SPSS TUTORIALS BASICS ANOVA REGRESSION FACTOR CORRELATION

# SPSS Scatterplot Tutorial

A large bank wants to gain insight into their employees’ job satisfaction. They carried out a survey, the results of which are in bank_clean.sav. The survey included the number of hours people work per week and their gross monthly salaries.

## Research Question

It seems obvious that working hours are related to monthly salaries: employees who work more hours earn more money. But we'd like to know more about this relationship so our research question is how (strongly) is monthly salary related to working hours? Since we already inspected this data file (and set missing values) we can simply run correlations whours salary. and see that the correlation is 0.648, quite a strong linear relation. Some would leave it at. However, a scatterplot will show that there's way more to this relation.

## SPSS Scatterplot Creation

We'll first run our scatterplot the way most users find easiest: by following the screenshots below.

The aforementioned steps result in the syntax below. Running it creates our first basic scatterplot.

## SPSS Scatterplot Syntax

*Minimal scatterplot syntax from legacy dialogs.

GRAPH
/SCATTERPLOT(BIVAR)=whours WITH salary
/MISSING=LISTWISE.

Note: you'll get the exact same result by running graph/scatter whours with salary. You probably prefer this second version if you want to create multiple scatterplots by copy-paste-editing the syntax. If you want to create a huge number of scatterplots, see SPSS with Python - Looping over Scatterplots.

## Result

As we see, this is not a simple linear relation. First, we see that our dots become more dispersed as our respondents work more hours; the more hours people work, the greater the standard deviation of monthly salary. This is a textbook example of heteroscedasticity, the opposite of homoscedasticity, an important assumption for regression.
Second, the see the pattern of dots “bend upwards” towards the right side of our chart. This is a clear indication of nonlinearity, which also violates the regression assumptions.
So why do we see heteroscedasticity and nonlinearity in our scatterplot? Well, perhaps the higher hourly wages are only available for those in the more high level jobs which also require more hours per week. Interestingly, we have “job type” in our data, which comes somewhat close to job levels. Let's now add it to our scatterplot by following the screenshot below. Tip: use the dialog recall button for quick access to the scatter dialog.

## SPSS Scatterplot with Legend

Set Markers by: uses a different colors for our dots, based on some variable. We'll enter jtype (job type).
Label Cases by: should label each dot with the value of a (unique identifier) variable but it doesn't work.You probably want to use this only for very small samples anyway. If you really need it: it does work in the chart builder but we'll skip it for now. We'll leave it empty.
Optionally, let's add some nice title to our chart.

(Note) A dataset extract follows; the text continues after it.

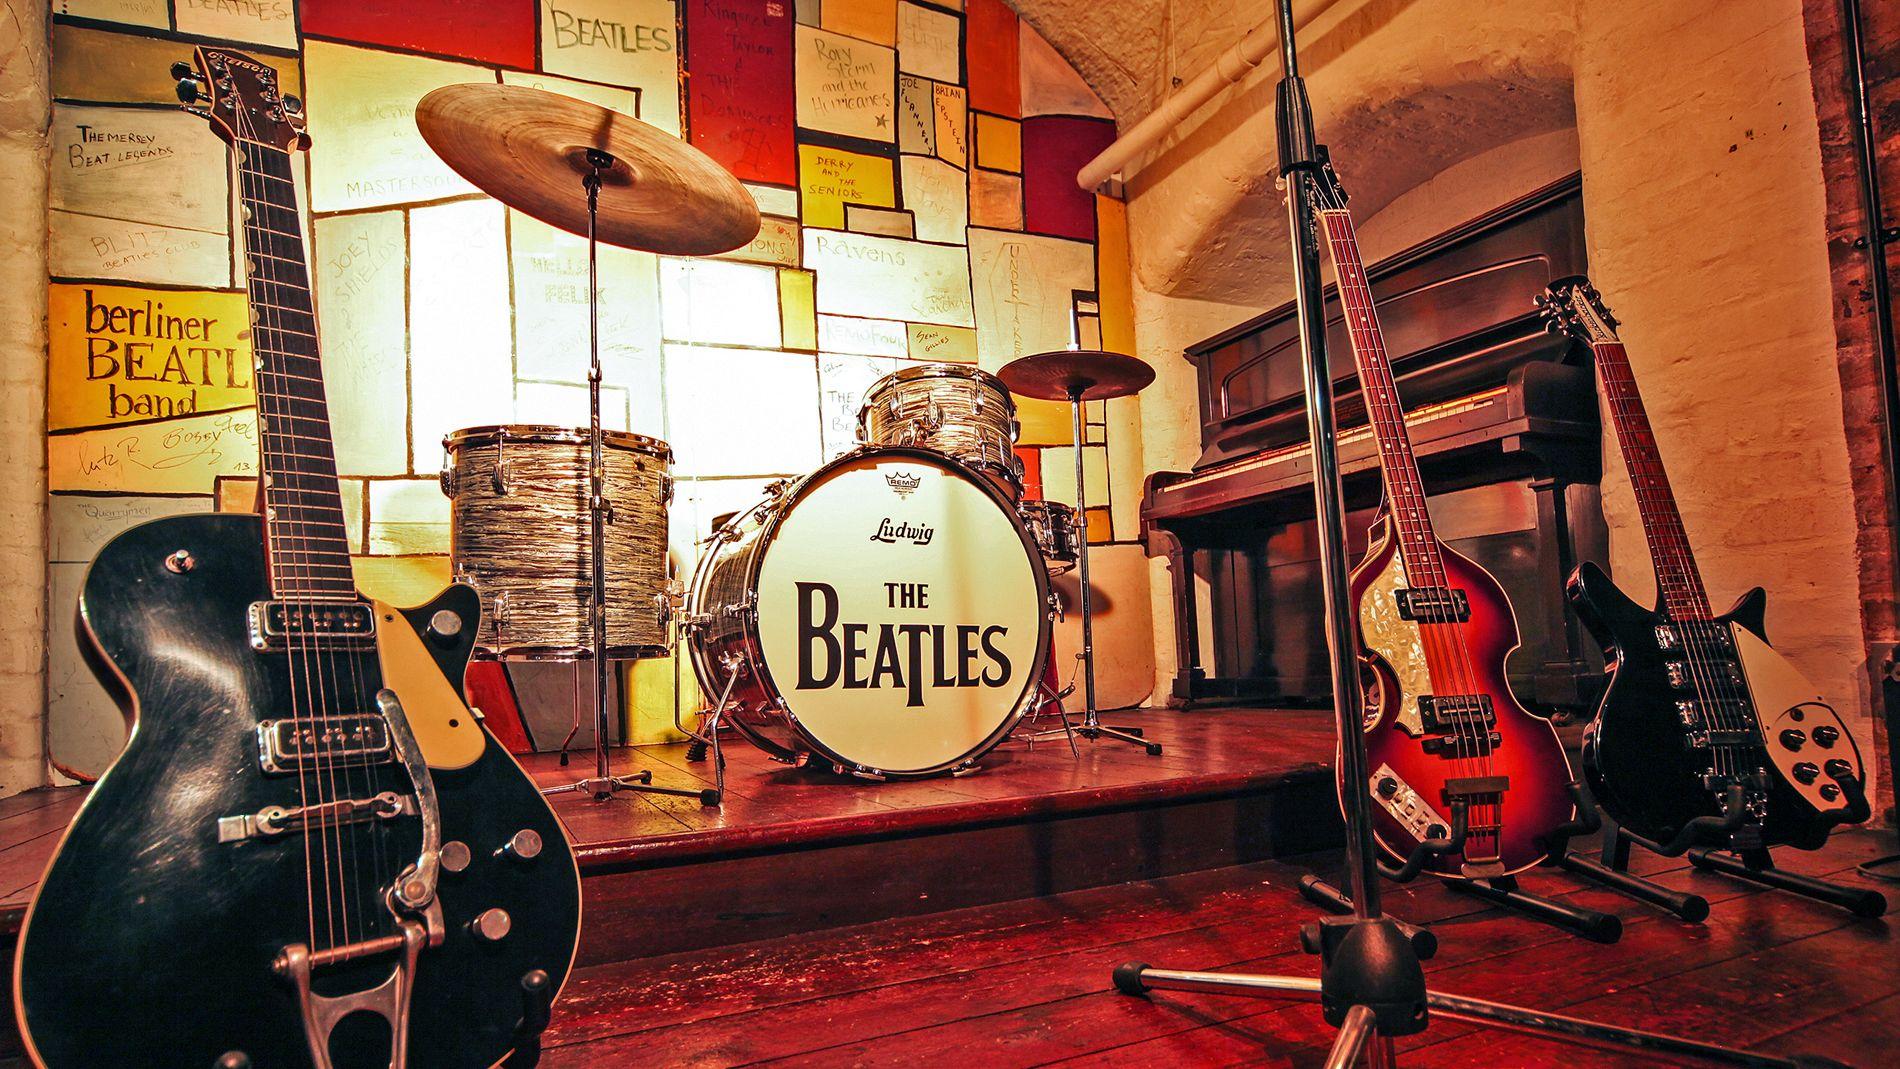 Beatles band set up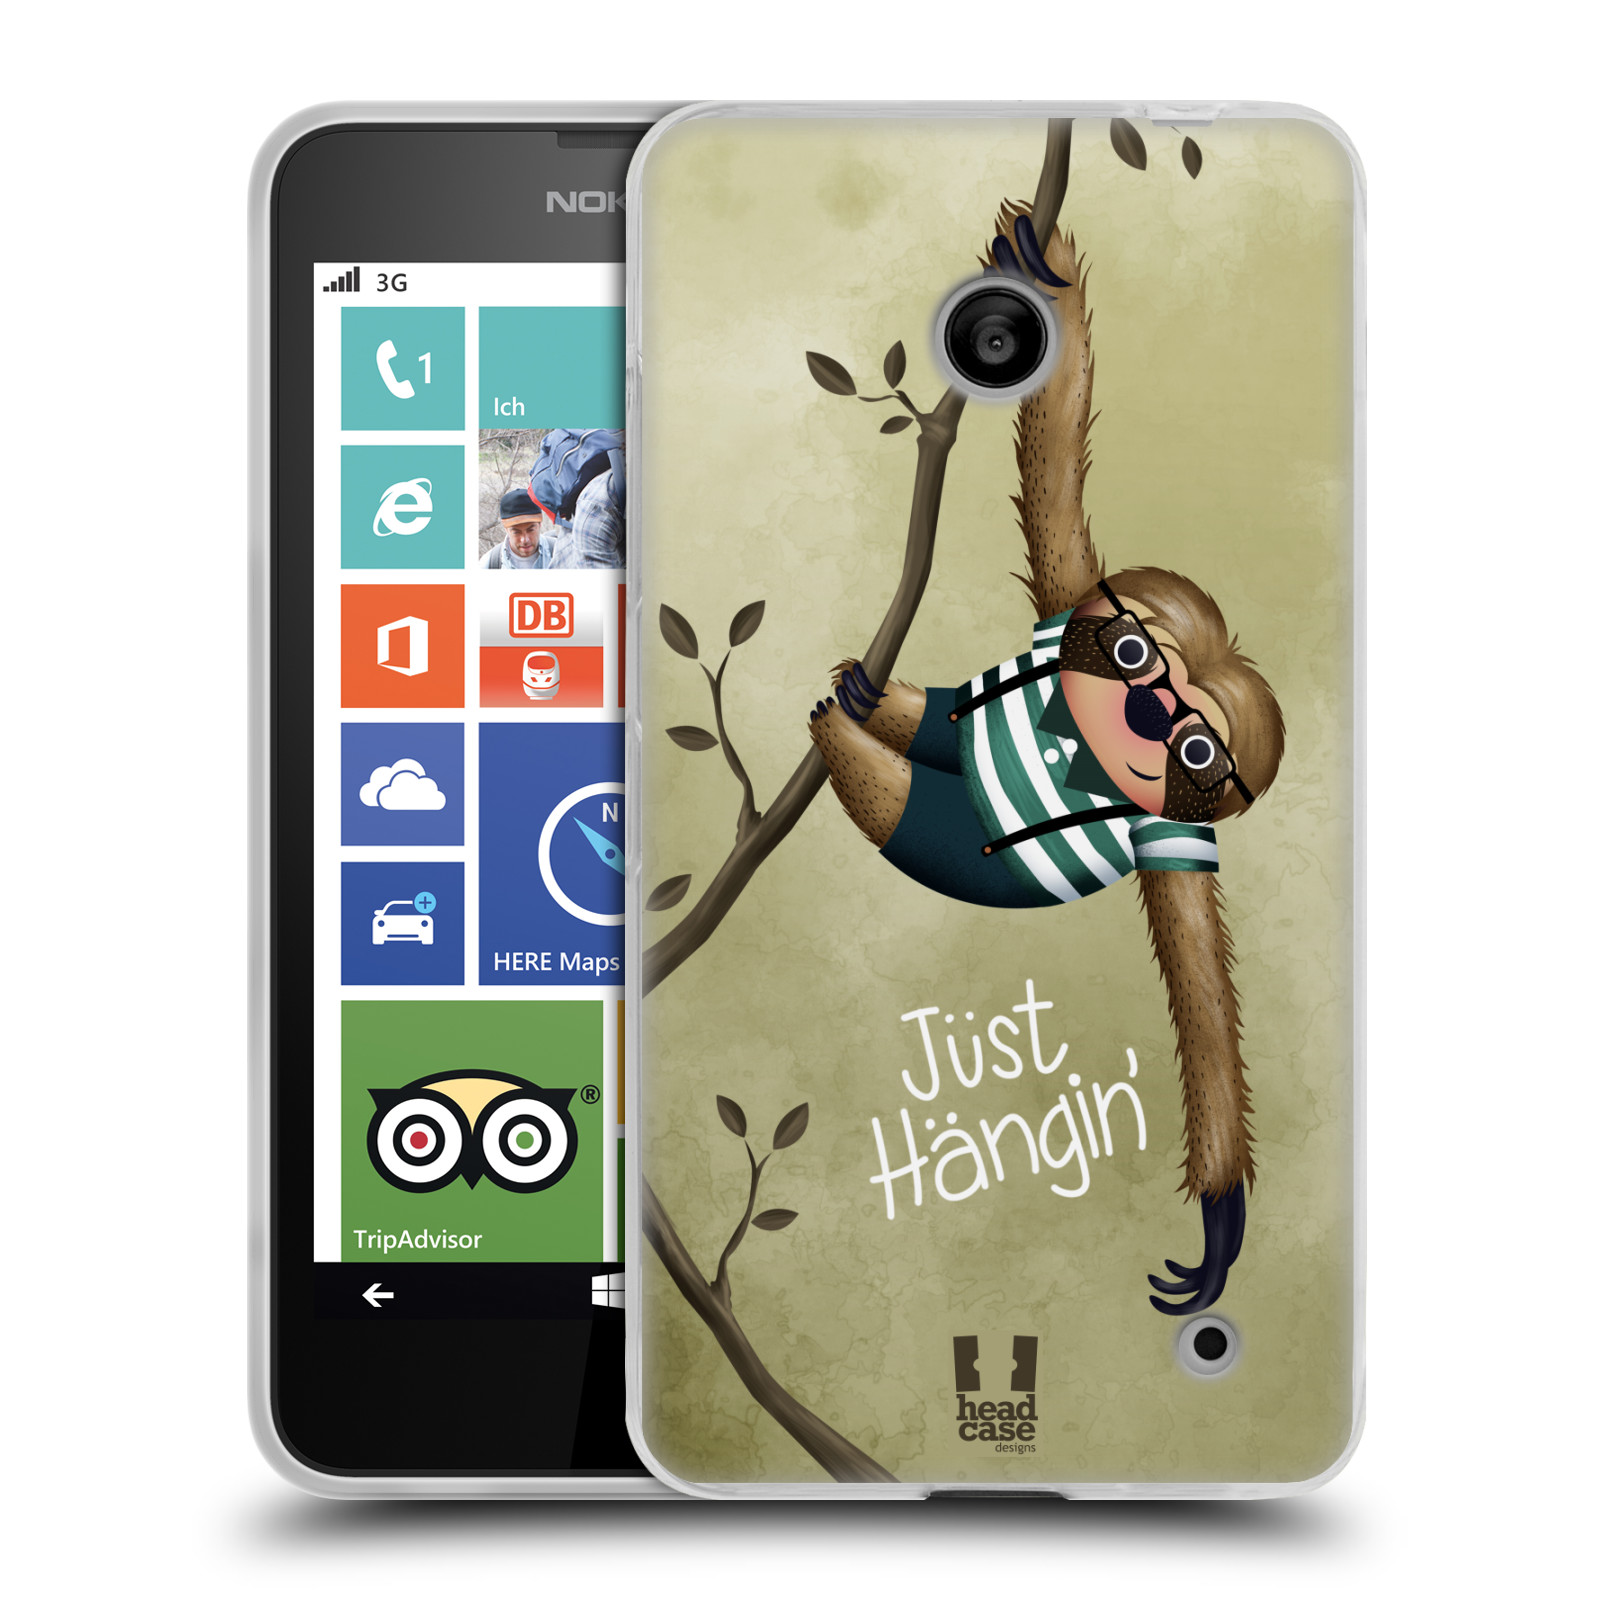 Silikonové pouzdro na mobil Nokia Lumia 630 HEAD CASE Lenochod Just Hangin (Silikonový kryt či obal na mobilní telefon Nokia Lumia 630 a Nokia Lumia 630 Dual SIM)

## SPSS Scatterplot with Legend Syntax

*Scatterplot with different colors for different job types.

GRAPH
/SCATTERPLOT(BIVAR)=whours WITH salary BY jtype
/MISSING=LISTWISE
/TITLE "Monthly Salary by Weekly Hours | n = 464".

## Result

And there we have it. The cause for the heteroscedasticity and nonlinearity is that middle and upper managers have (very) high hourly wages and typically work more hours too than the other employees.
This plot also suggests that we should perhaps not lump together all job types: for sales employees (red dots), the relation between hours and salary looks very linear -presumably because their hourly wages are rather fixed. The precise opposite holds for upper management (black dots). We'll now confirm this by inspecting the correlation for each group separately.

## Correlations for Job Types Separately

*Sort cases needed for split file.

sort cases by jtype.

*Split file.

split file by jtype.

*Separate correlations for job types.

correlations salary with whours.

split file off.

## Result

Indeed, the correlation between hours and salary is 0.79 for sales employees and 0.21 for upper management. We'll leave it as an exercise to the reader to create scatterplots for separate job type groups.

## Final Notes

Our first finding on these data was simply a correlation of 0.65 between working hours and salary. However, a scatterplot suggested that it wasn't quite as simple as that. I hope we gave you an idea how to create scatterplots easily in SPSS and why they can be very useful indeed.

# Tell us what you think!

*Required field. Your comment will show up after approval from a moderator.

# THIS TUTORIAL HAS 4 COMMENTS:

• ### By Jon Peck on March 9th, 2017

"Label cases by" does work, at least in recent versions, but the syntax has to include the BY clause.

GRAPH
/SCATTERPLOT(BIVAR)=whours WITH salary BY jtype BY id (NAME).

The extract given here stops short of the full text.